• _Information provided_:
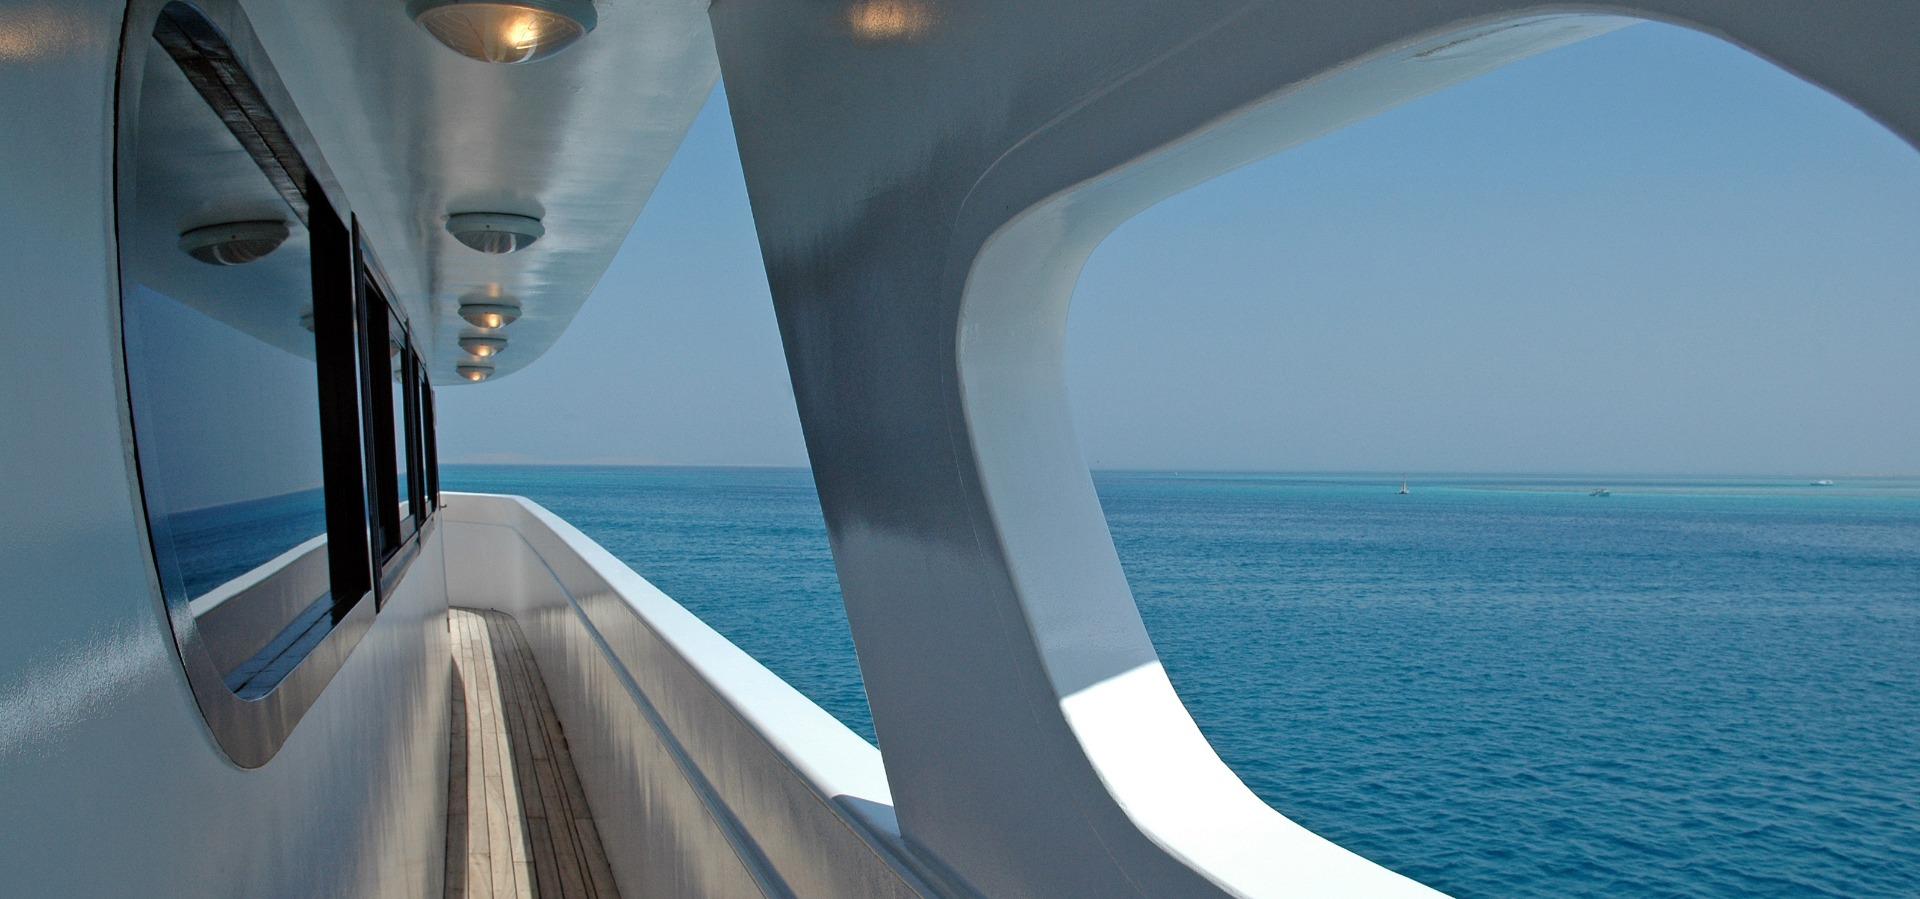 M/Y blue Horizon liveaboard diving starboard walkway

...

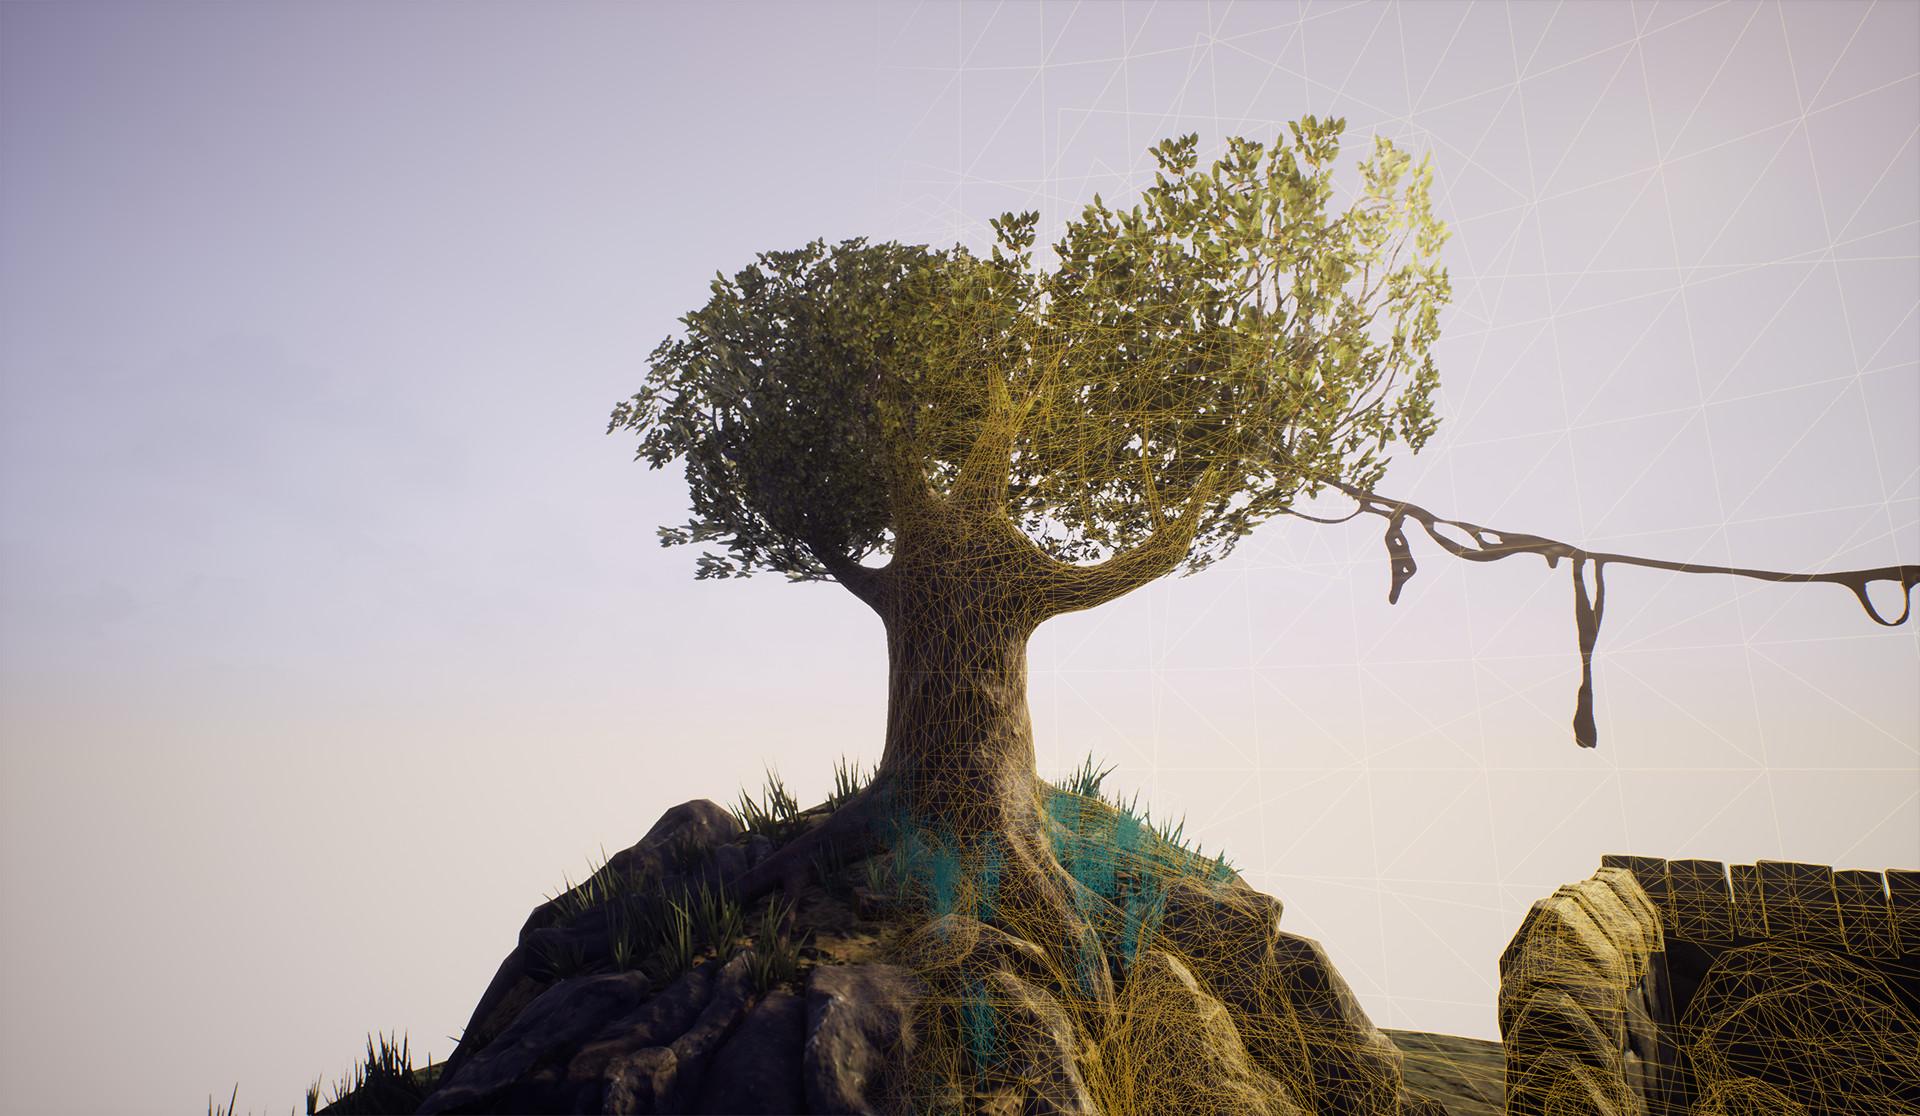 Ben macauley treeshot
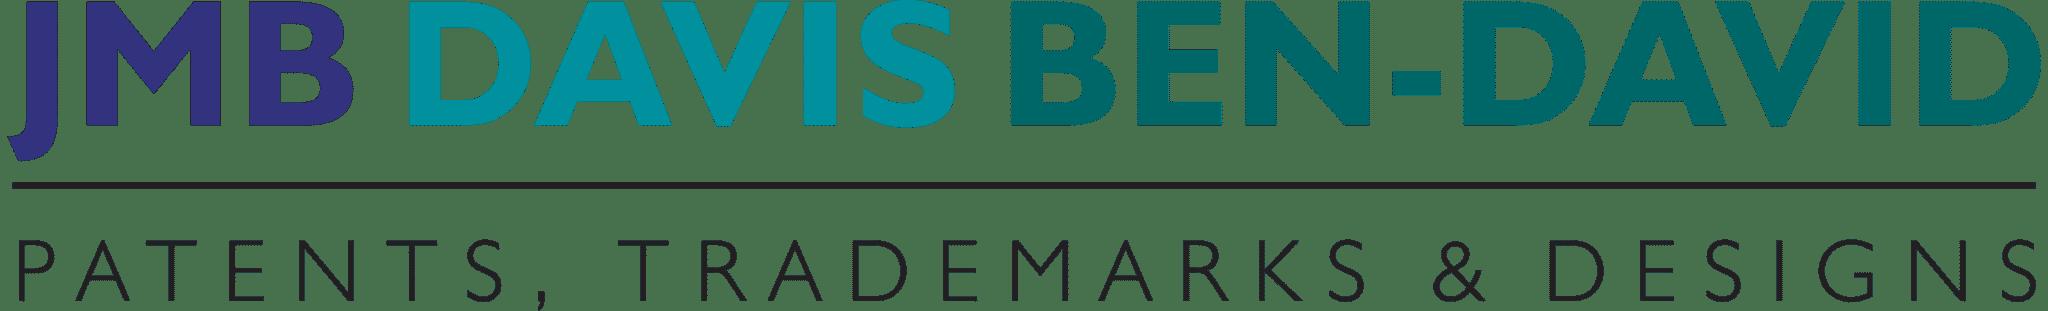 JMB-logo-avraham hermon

* * *

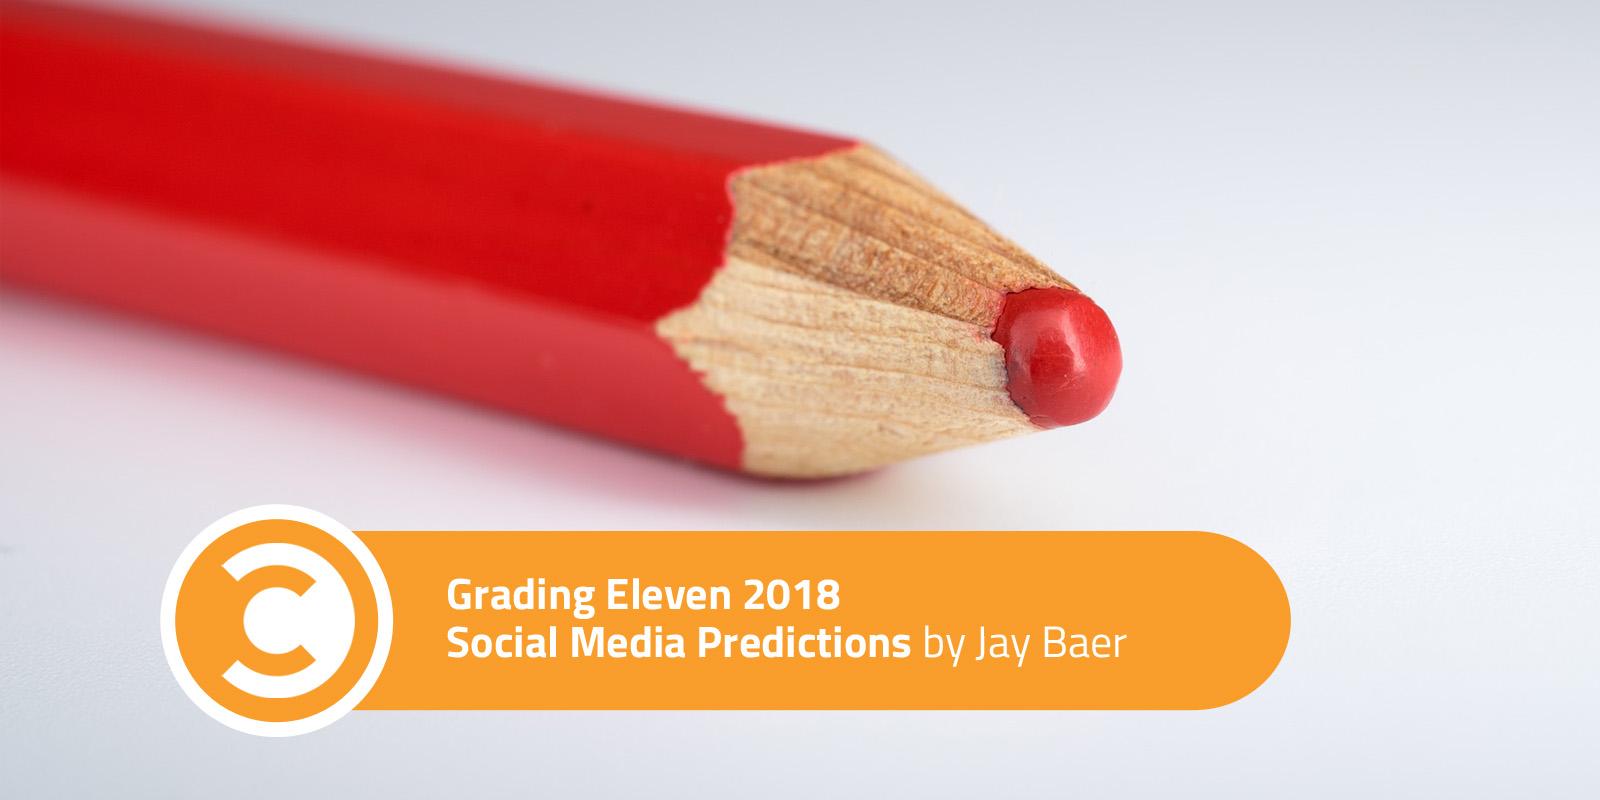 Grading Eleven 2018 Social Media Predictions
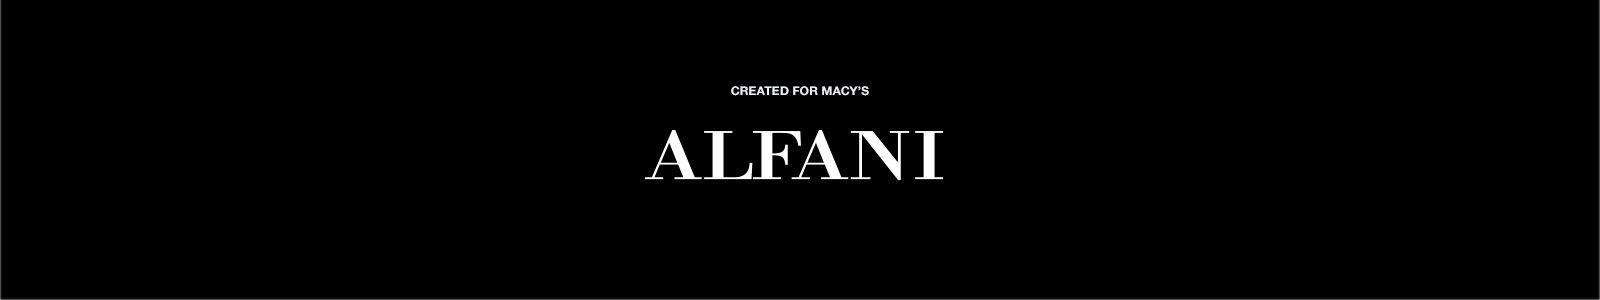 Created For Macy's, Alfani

• _How to complete this task_: Look above for the line with "Grading Eleven 2018 Social Media Predictions" and the line with "Created For Macy's, Alfani"; set down those two lines and all lines between them exactly, without pictures and without anything else.

• _Task solution_:
 Grading Eleven 2018 Social Media Predictions
 Created For Macy's, Alfani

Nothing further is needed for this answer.